The Amorous Servant, while written in Italy some centuries ago, has themes that run universal, and remain relatable today. Everybody will recognize the core story of the manipulative gold-digging stepmother hoping to see her husband in an early grave after a few changes to the will. Pair that with some of the elements of a Hollywood rom-com and you have The Amorous Servant.
This relatability establishes a relaxed comfort zone for patrons who might be new to the commedia stylings of Odyssey Theatre, as well as offers a much more direct storyline compared to the intricate, twisted, frenetic plots typically seen.
Regrettably, the equally intricate, twisted, frenetic pace and physicality that also comes as part of the standard package seems to have been stepped down some. For the first time I can remember at an Odyssey show, I found moments where my mind drifted away from what was happening on stage.
The net result, for me, was seeing a lot of “real good” but less “really great” than I’d come to expect from Odyssey Theatre.
And please, do note, that while I had high expectations, quibbling about the difference between real good/really great is not exactly a bad problem. The Amorous Servant remains highly entertaining and the laughter was frequent from spectators of all ages. (There were a handful of younger children on the evening I was there.)
Of particular note, The two buffoon sons, Florindo (Christopher Allen) and Lelio (Abraham Asto) were memorable for their outlandish, incompetent characterizations and Lise Cormier brought the show home with a strong stage presence and her forceful portrayal of Corallina. The production design remains of top quality.
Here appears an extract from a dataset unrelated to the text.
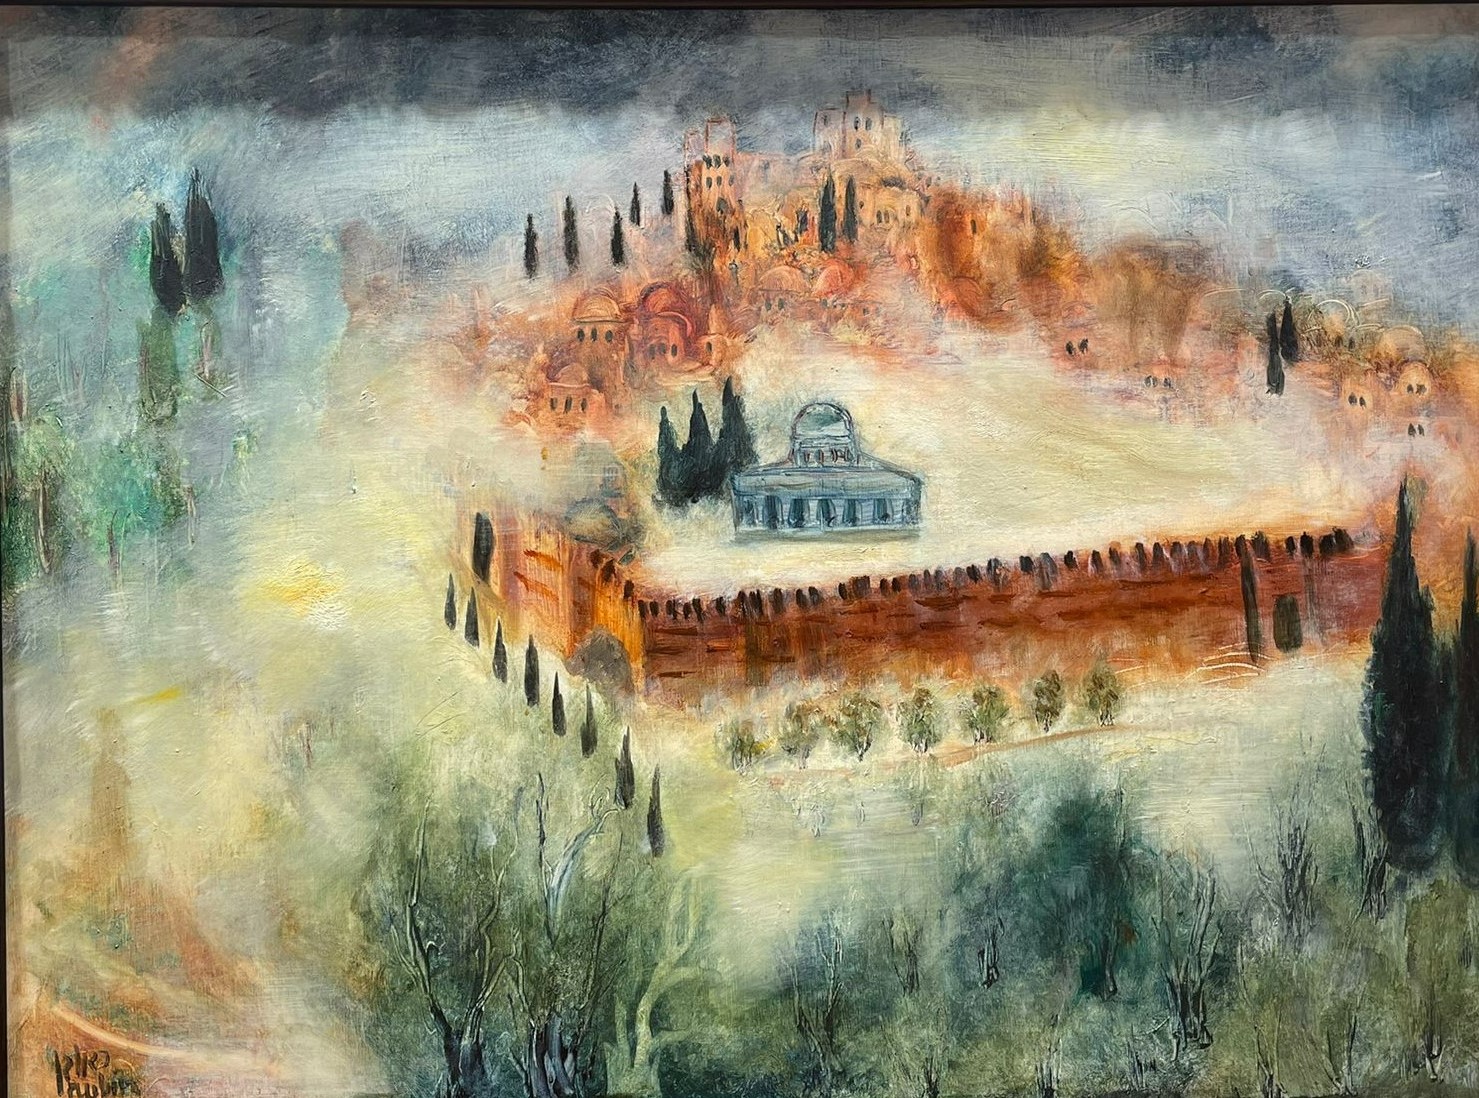 Reuven Rubin - Jerusalem - Gallery - Kings Gallery - Israeli artist - Oil painting.

More, there’s just something magical and wonderful about an evening of theatre under the stars. The lack of any walls (perhaps ironically) bringing you closer and connecting you more to the antics playing out in front of you. The great wide open making easier work of your suspension of disbelief to allow a greater immersion. Plus, fresh air, ice cream, and the scenic Strathcona Park and Rideau River all around you. Just consider bringing a cushion for your butt (or rent one) and some bug repellant.
Despite not reaching the highs I hoped for, The Amorous Servant is still a recommend, particularly if you’re new to Odyssey Theatre or commedia dell’arte.